HBONE wraps standard TCP traffic (what your applications speak) inside an HTTP/2 stream. This HTTP/2 stream is then secured using mutual TLS (mTLS). So all the traffic flowing through the HBONE tunnel (i.e., within the mTLS session) is encrypted. Eavesdroppers on the network cannot understand the data. Pod A and Pod B just use standard TCP. They are completely unaware of the mTLS and HTTP/2 encapsulation happening underneath by ztunnel.
HTTP has a CONNECT method, traditionally used for proxying. HBONE cleverly reuses this. To establish a tunnel to a target pod, the source ztunnel sends an HTTP/2 CONNECT request to the destination ztunnel.

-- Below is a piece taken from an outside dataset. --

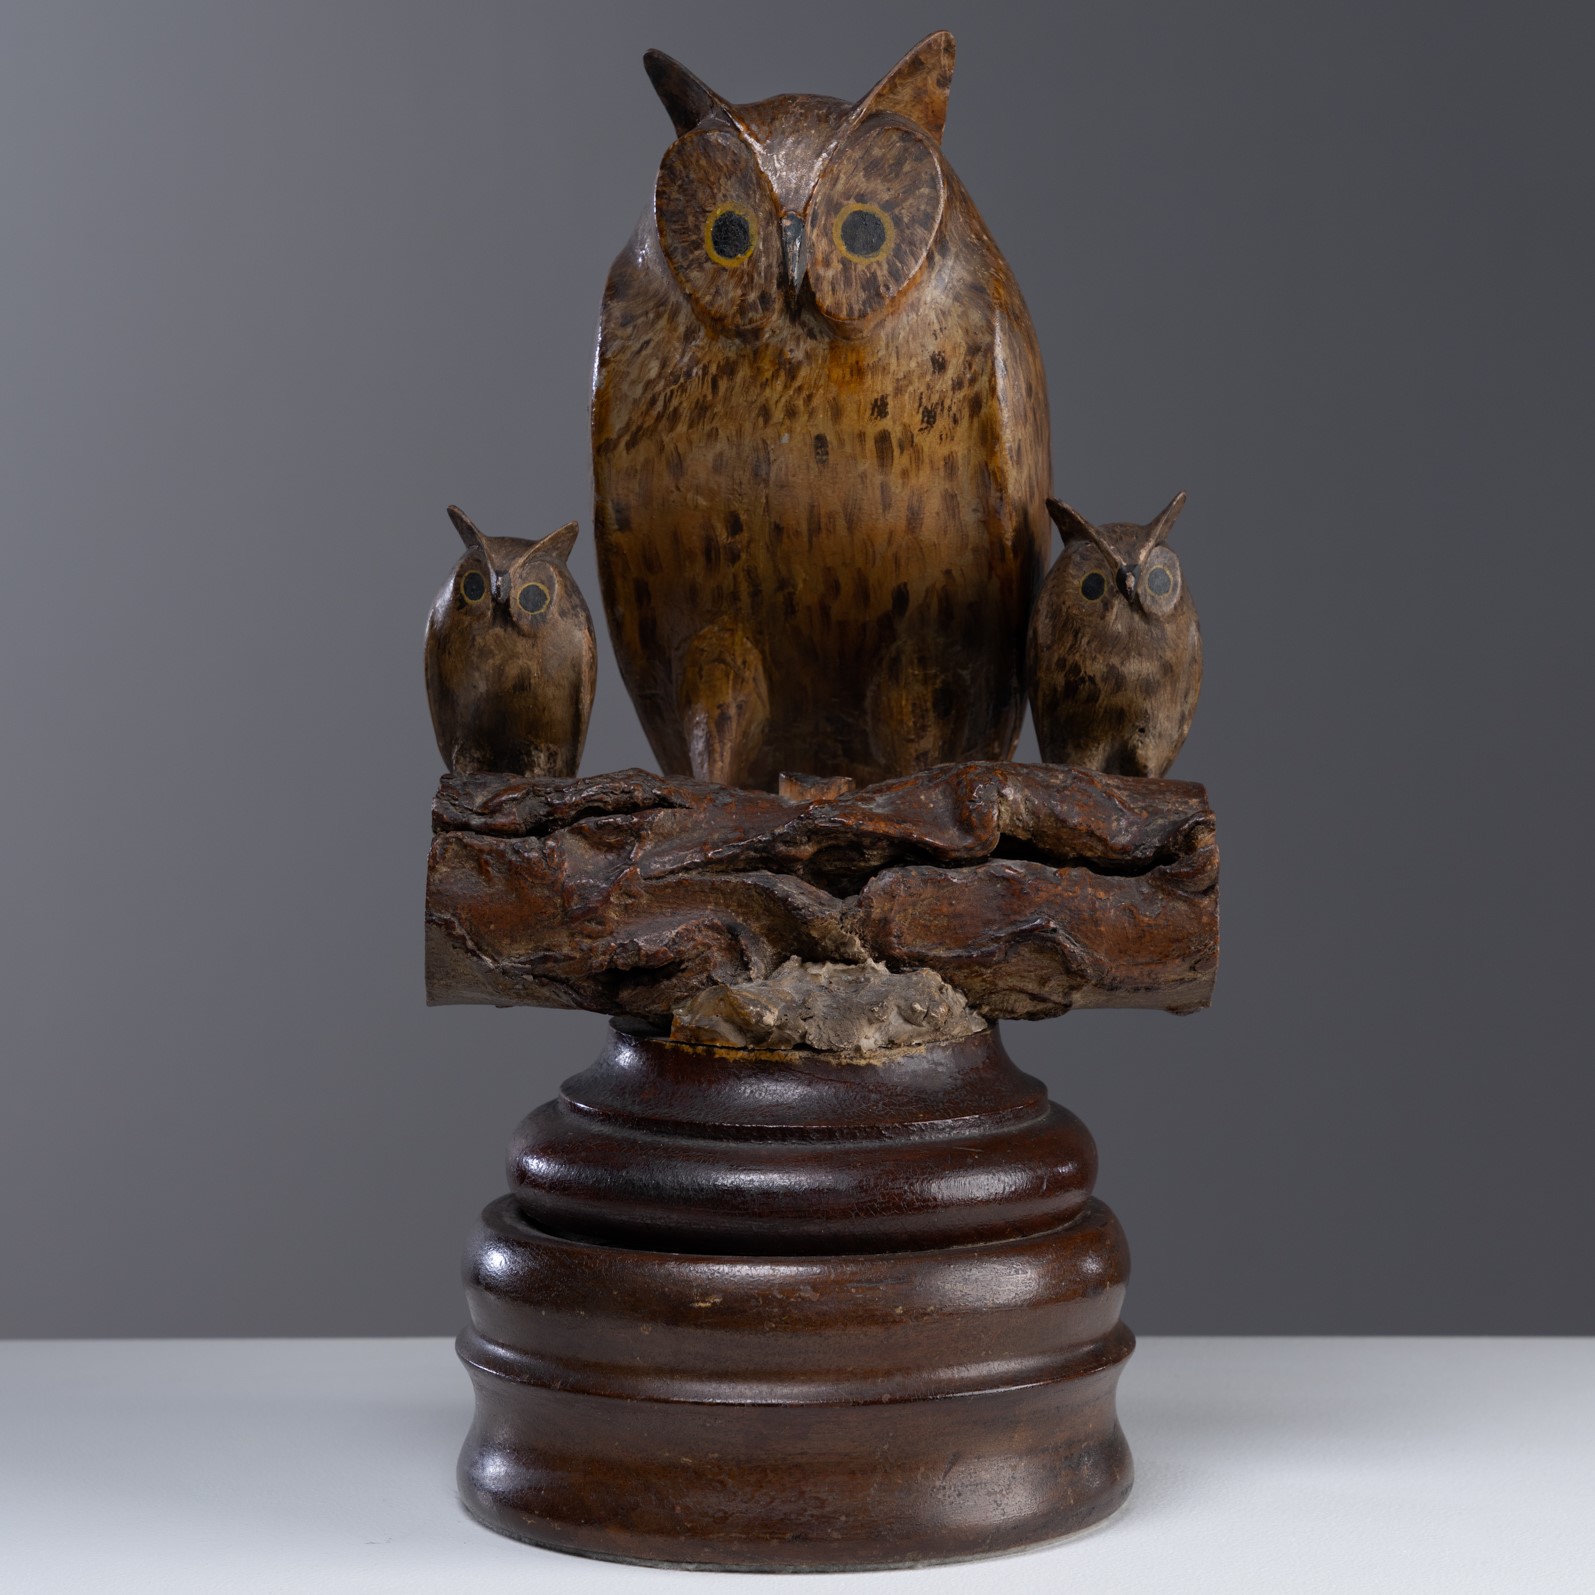 carved folk art owl rel=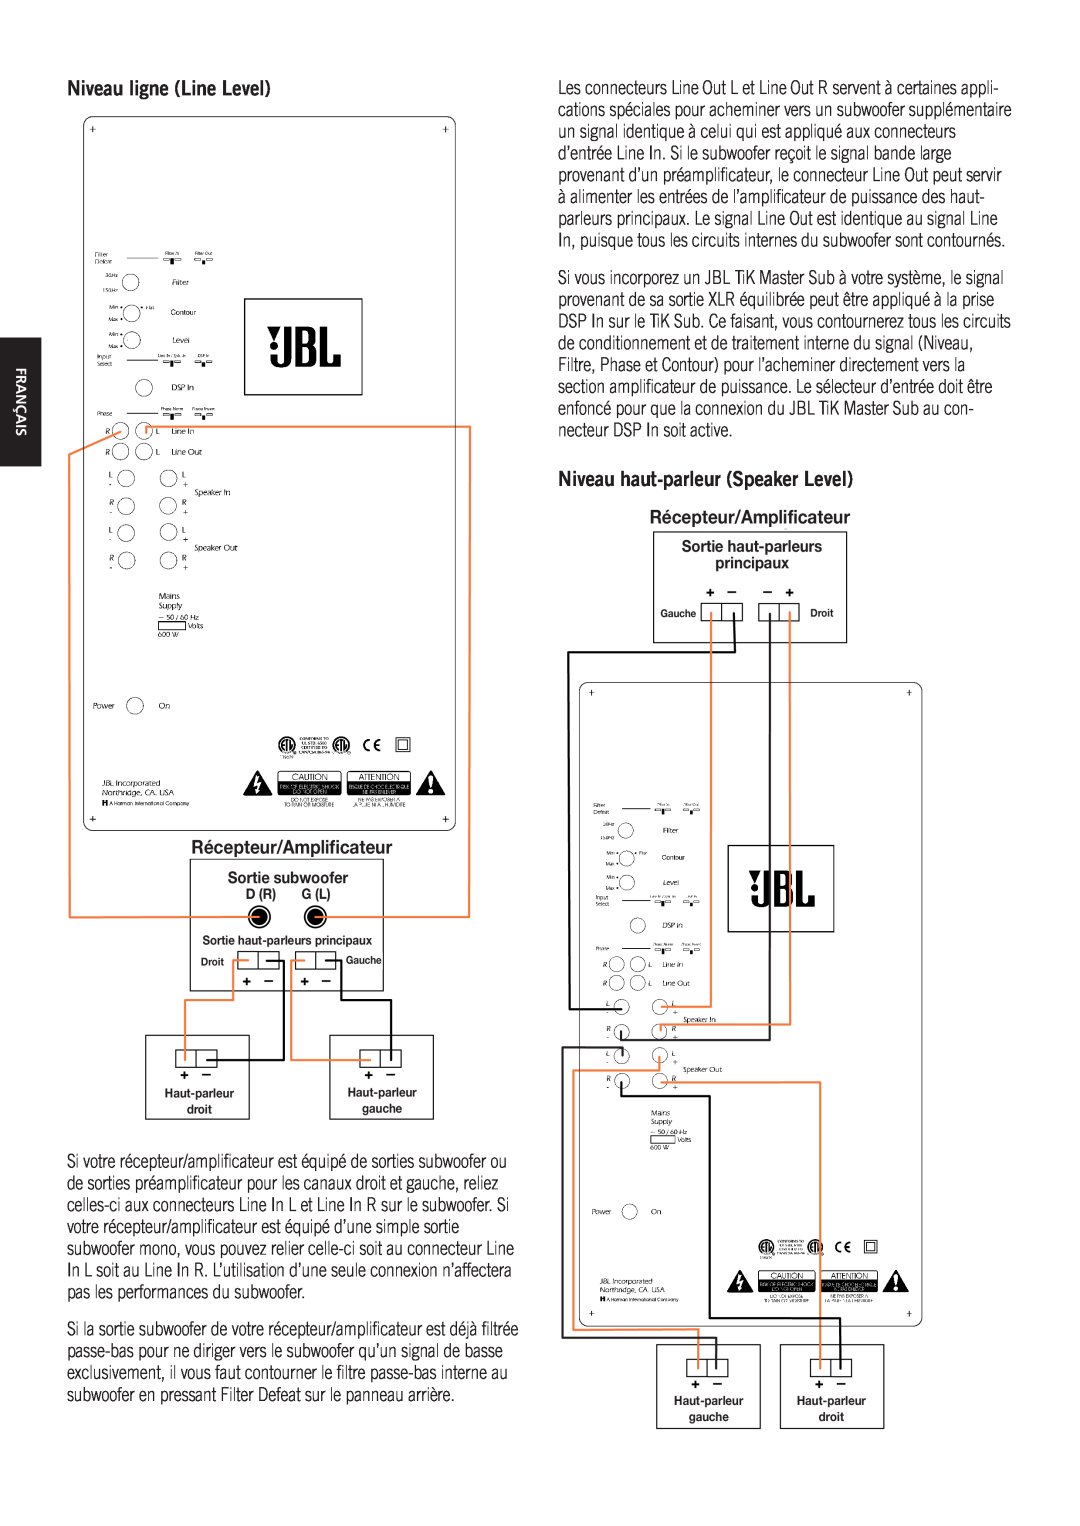 JBL TiK Sub owner manual Niveau ligne Line Level, Niveau haut-parleurSpeaker Level, Récepteur/Amplificateurceiver/Amplifier

Establishing an mTLS handshake and a new HTTP/2 connection for every single small request between two pods would be slow and inefficient. To solve this, ztunnel implements sophisticated connection pooling for HBONE connections through the WorkloadHBONEPool.
If an existing, healthy, mTLS-secured HTTP/2 connection to ztunnel is already in the pool and has spare capacity (HTTP/2 allows many streams on one connection), that connection is reused. A new HTTP/2 stream is created on that existing connection for the current request. The H2ConnectClient represents an active, pooled HTTP/2 client connection to a remote ztunnel.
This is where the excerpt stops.